■ Assignment: Pictures aside, repeat the whole listing word for word.

■ Given information:
== Segment start ==

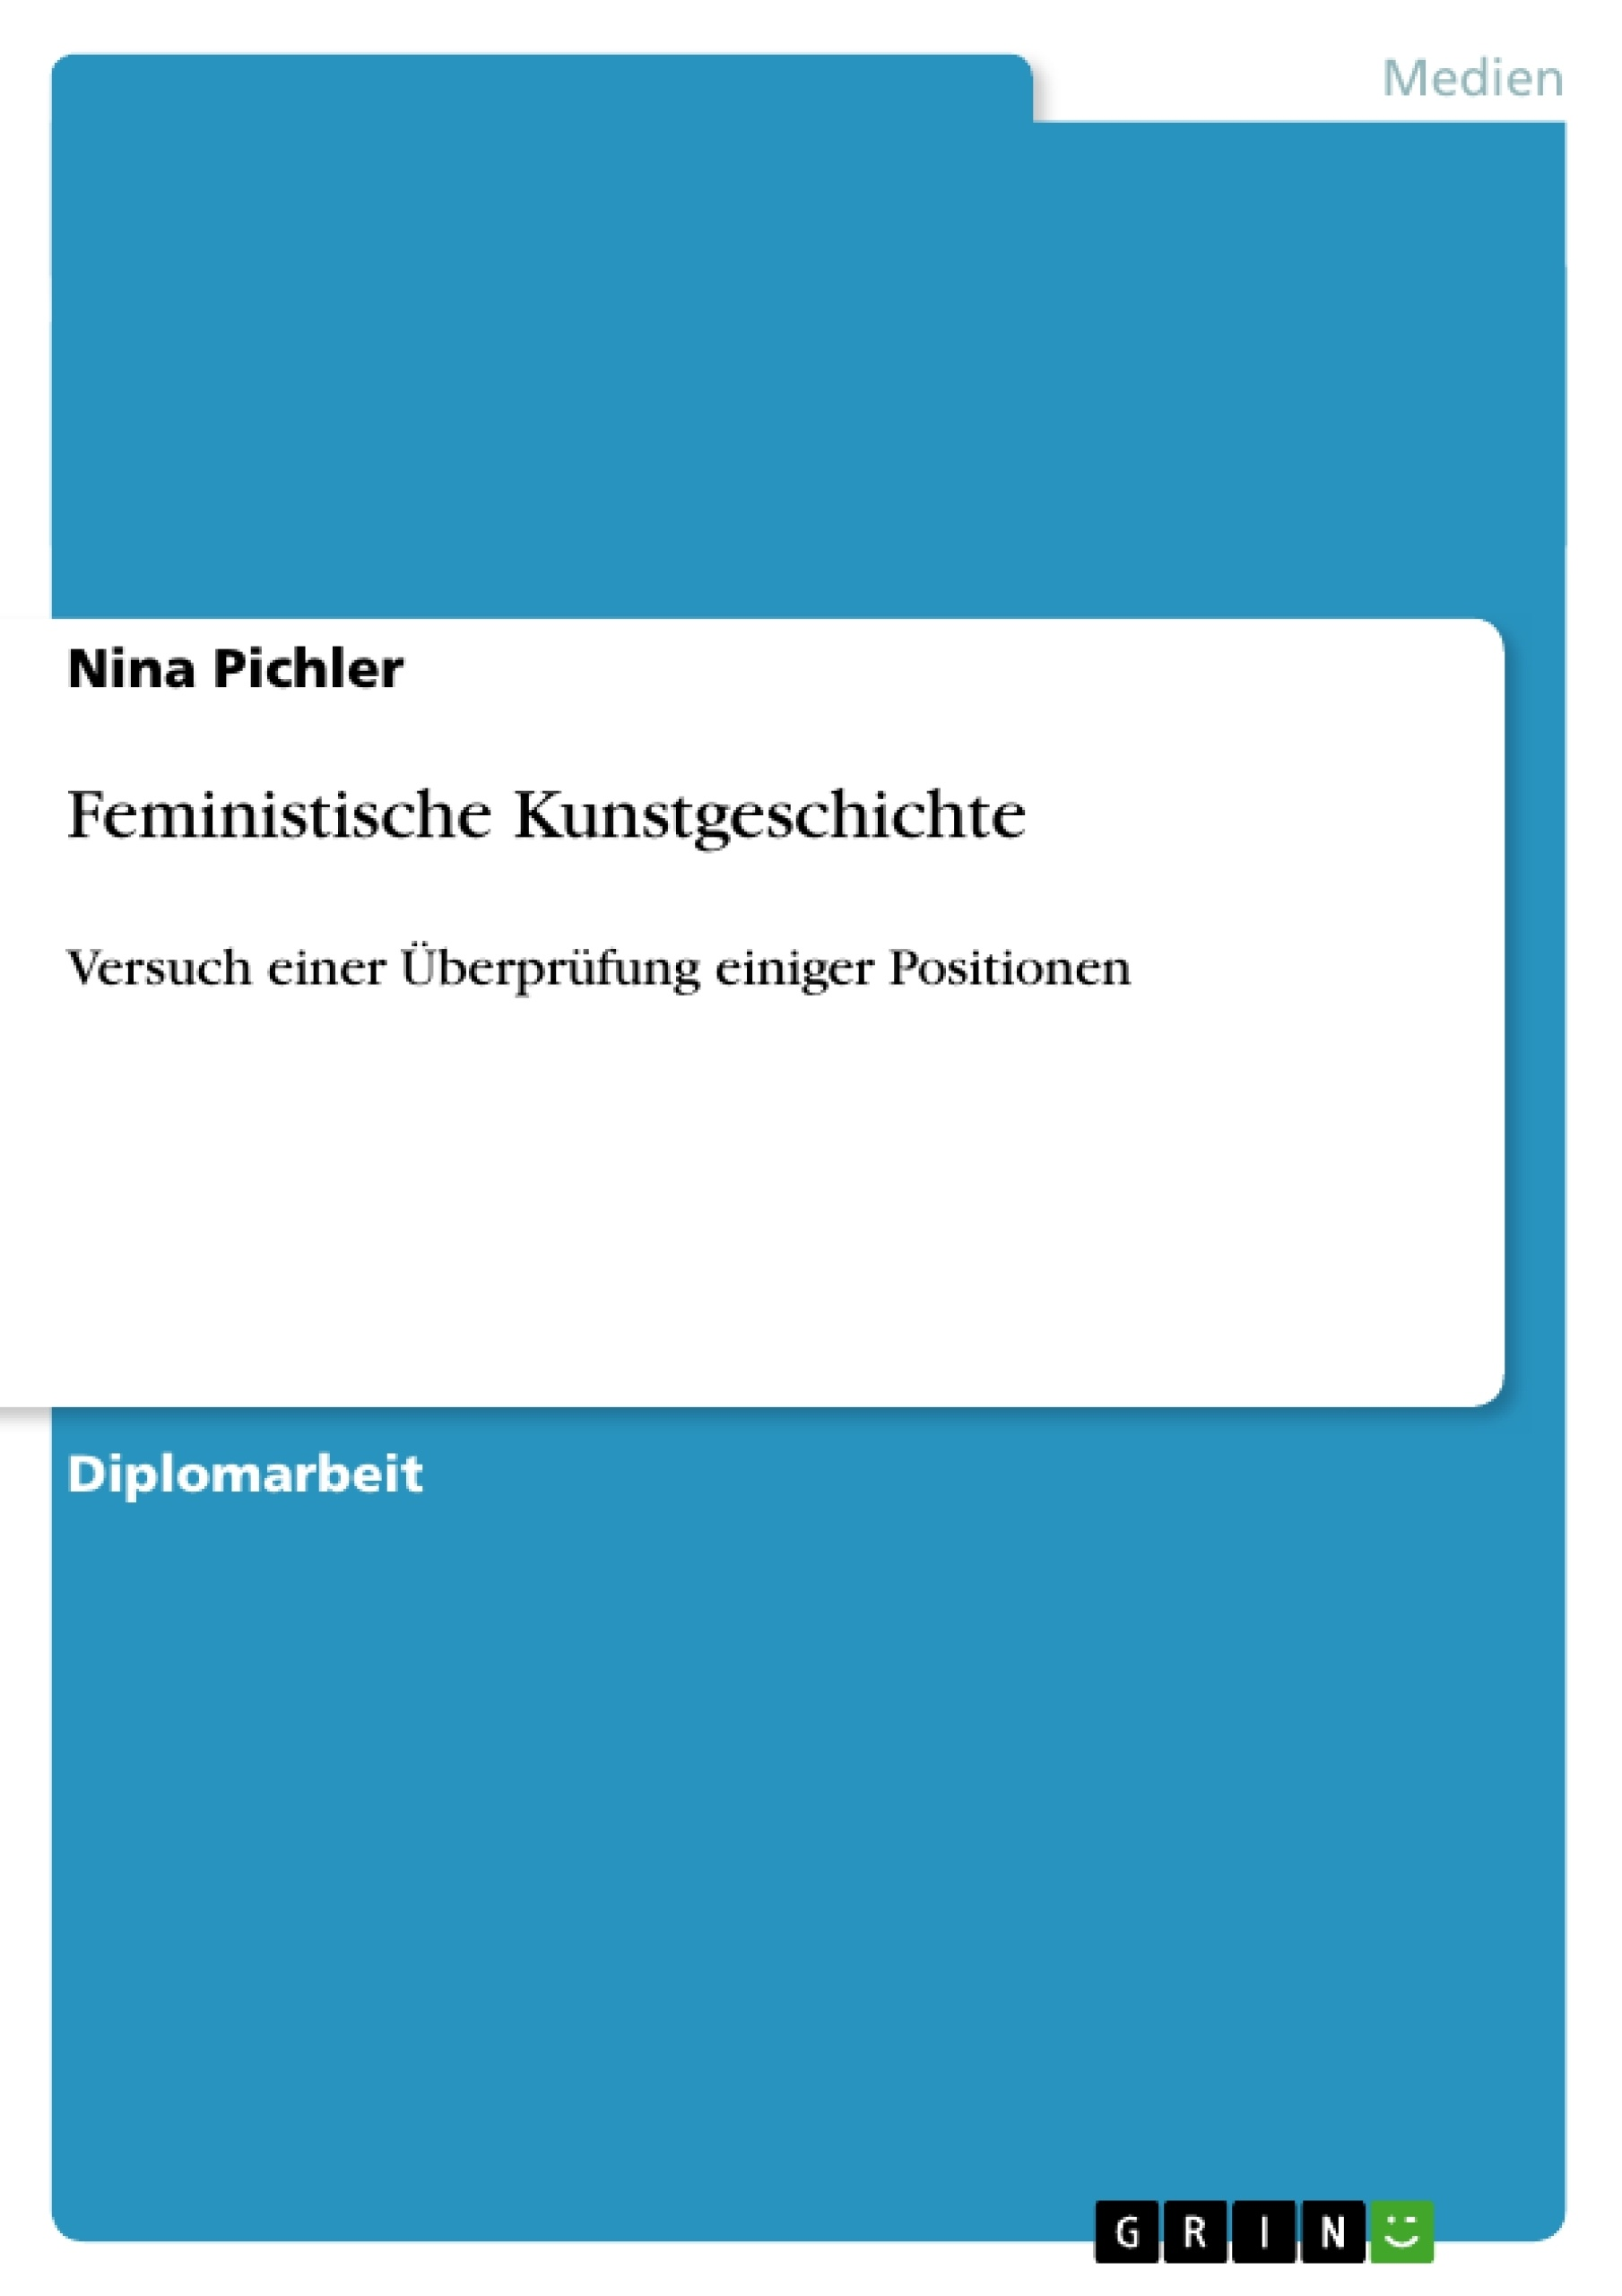 Titel: Feministische Kunstgeschichte
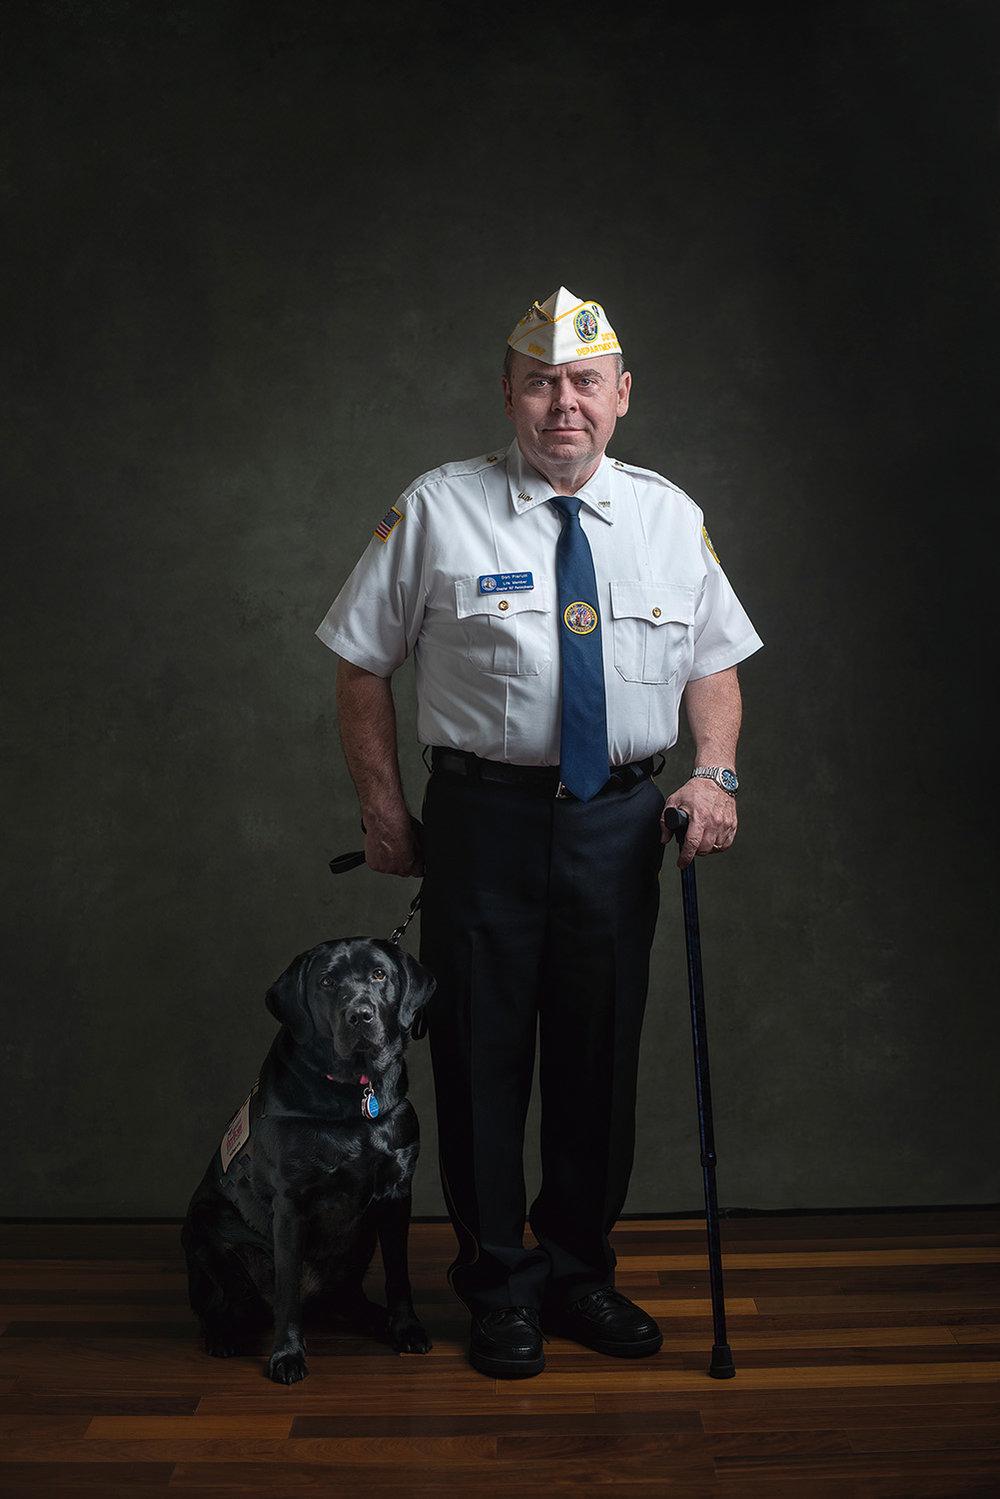 170529_PIMN_Veterans_0887-2.jpg
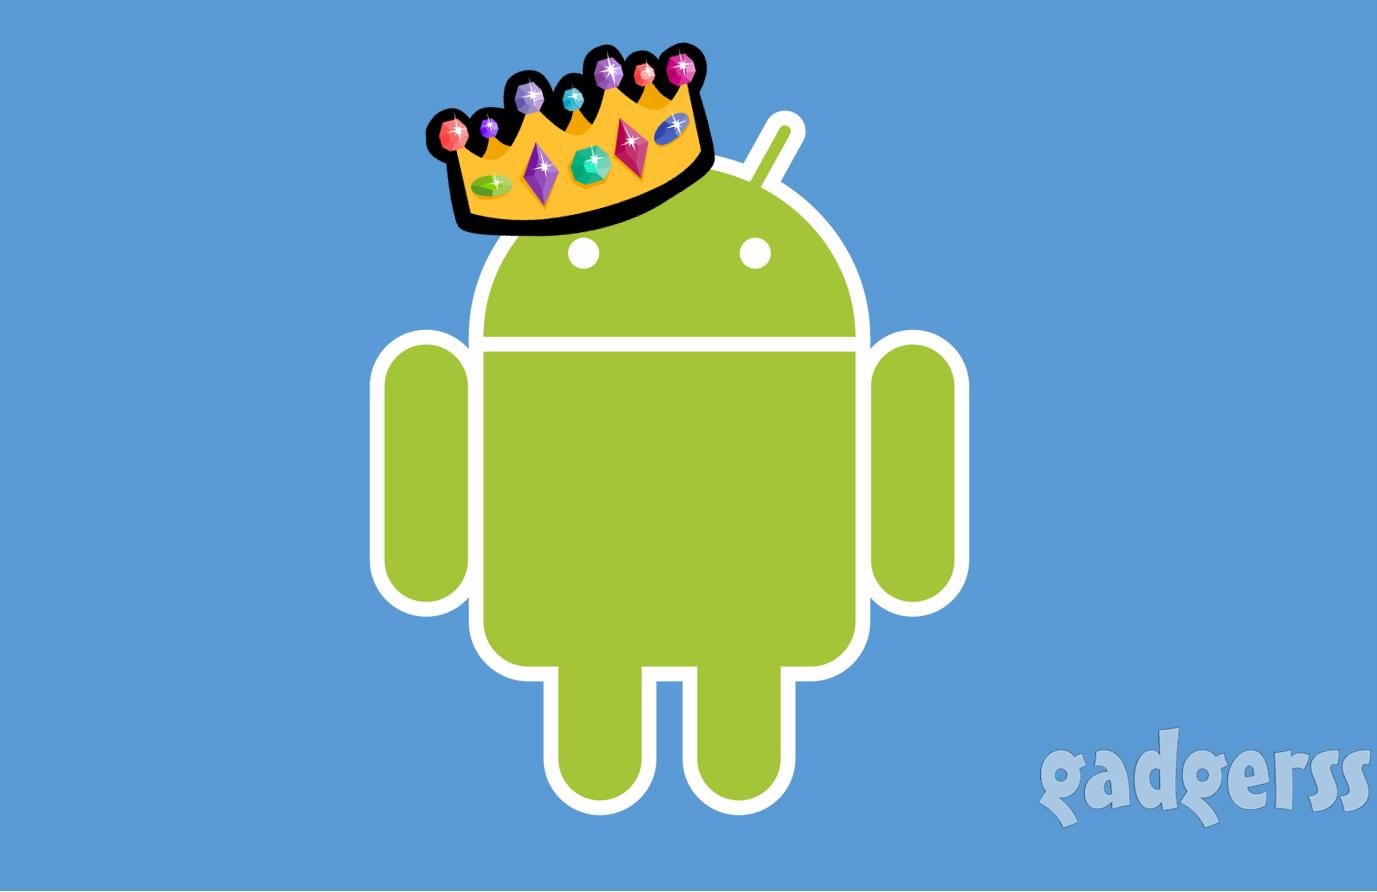 Android ya es el sistema operativo más popular en el mundo y supera a Windows ¿Pasa lo mismo en el Perú?

== Segment end ==

■ Task output:
 Titel: Feministische Kunstgeschichte
 170529_PIMN_Veterans_0887-2.jpg
 Android ya es el sistema operativo más popular en el mundo y supera a Windows ¿Pasa lo mismo en el Perú?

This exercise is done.